The nation’s capital city, Washington, D.C., is in a unique legal situation. Since it isn’t a state, it has no senators, although it has more residents than Vermont and Wyoming. It also has no representative in Congress, although it does have one delegate who has limited voting privileges. Under the District of Columbia Home Rule Act of 1973, the city has a council, but any laws passed by the council must be approved by the U.S. Congress. Congress, in turn, is controlled by Republicans, which makes greater legalization very unlikely for now.

DC marijuana gifts
Jars of marijuana available as gifts at one of DC’s private parties.

In 2014, the city’s voters passed Initiative 71, the Legalization of Possession of Minimal Amounts of Marijuana for Personal Use Act of 2014. Despite Republican opposition in Congress, which included threats of prison for the city’s mayor, I-71 became law. (This happened by default after Congress missed a budget deadline.) I-71 allows for adult possession and use of two ounces or less of marijuana.
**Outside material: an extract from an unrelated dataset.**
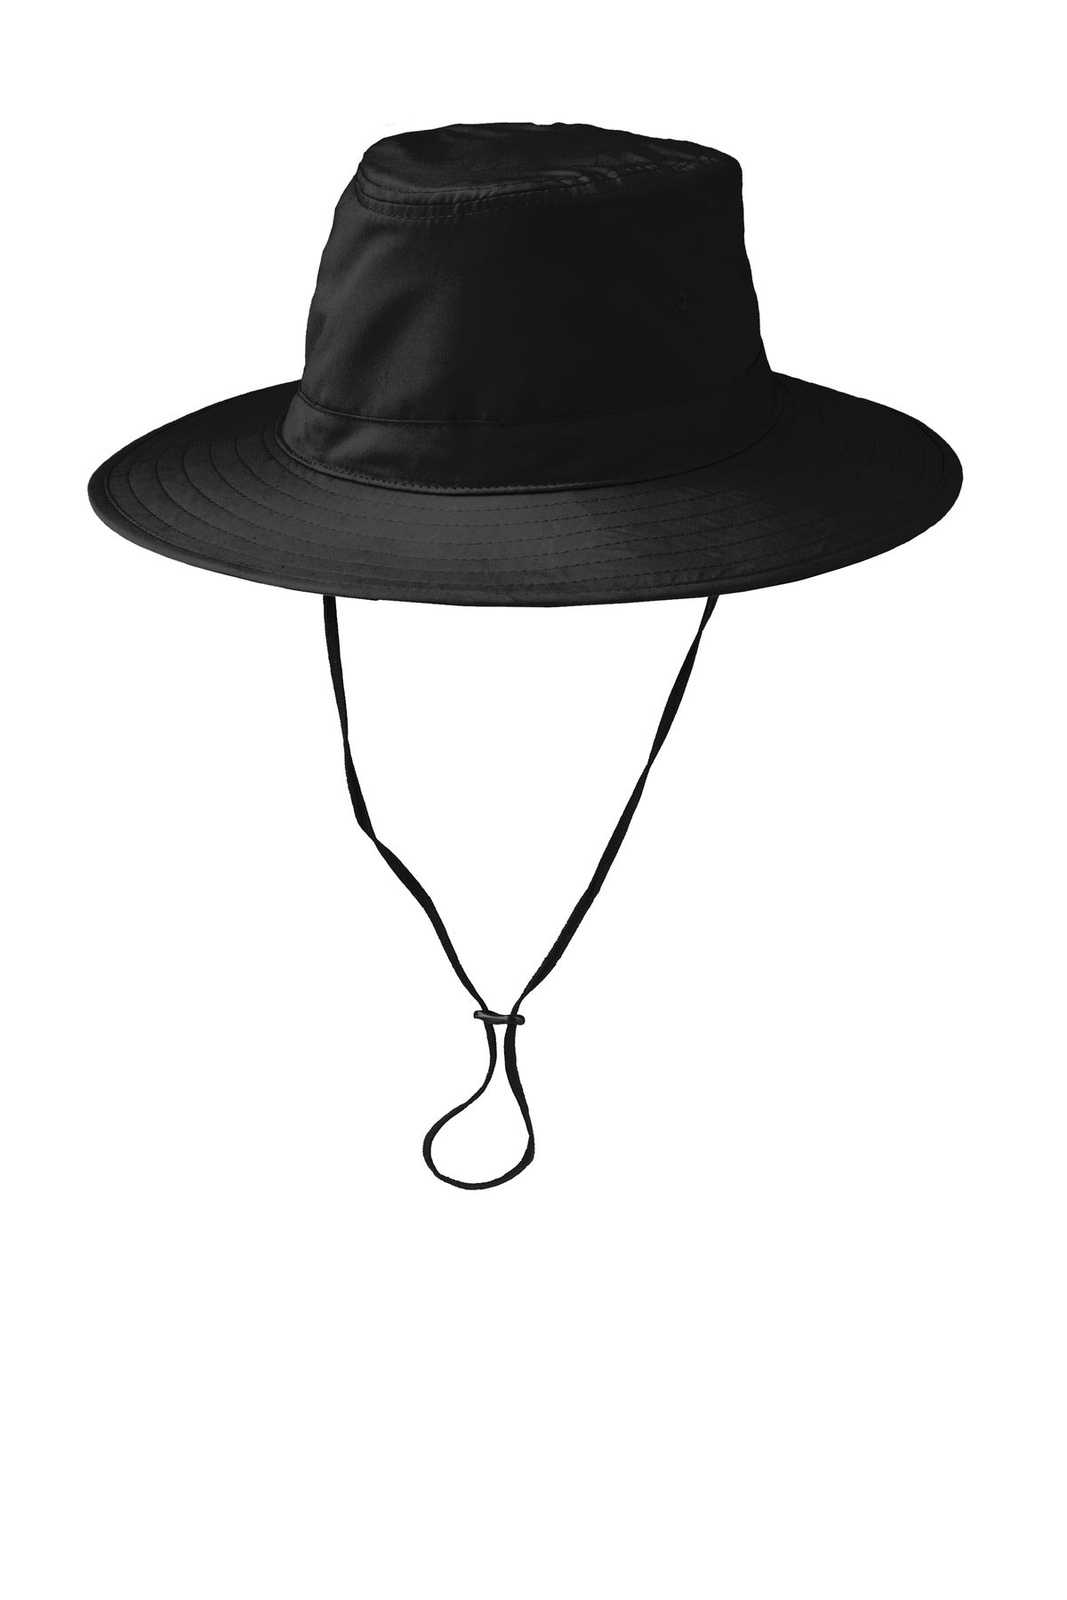 Port Authority C921 Lifestyle Brim Hat - Black - HIT a Double - 1

In addition, it is legal to grow six plants (three flowering). Thanks in no small part to federal stonewalling, the initiative does not have a system of regulation or taxation. Under I-71, it is still illegal to sell cannabis in Washington, D.C., but not to give up to an ounce as a gift to an adult.  

Private popup parties

The result is pop-up parties. They are advertised on social media such as Instagram, and even Eventbrite. They appear and disappear quickly, so that the police have trouble shutting them down, and are held at private residences. They thus comply with the letter of the law. Under case law, police must be able to point to a “specific and articulable” fact—beyond smell—before they may conduct a search for marijuana. If people are not seen smoking outside, police lack probable cause to search a private home. They thus have directed their efforts to finding cause to stop the cars of vendors.

Pop-up markets are responsive to consumer demands. In addition to bud, they offer tinctures, edibles, and concentrates. Buyers number in the hundreds, and parties occur nightly. Unlike boozy parties, violence is very rare. Buyers find the parties by searching online for “I-71 compliant,” “Nothing for sale,” or “gift parties.” Buyers then send private messages to those posting these announcements and receive notice of the address. There are also accounts of reviewers, thus giving consumers a measure of safety against deceptive advertisers. In short, the market is finding a way to put sellers and buyers together with as much safety as the law allows.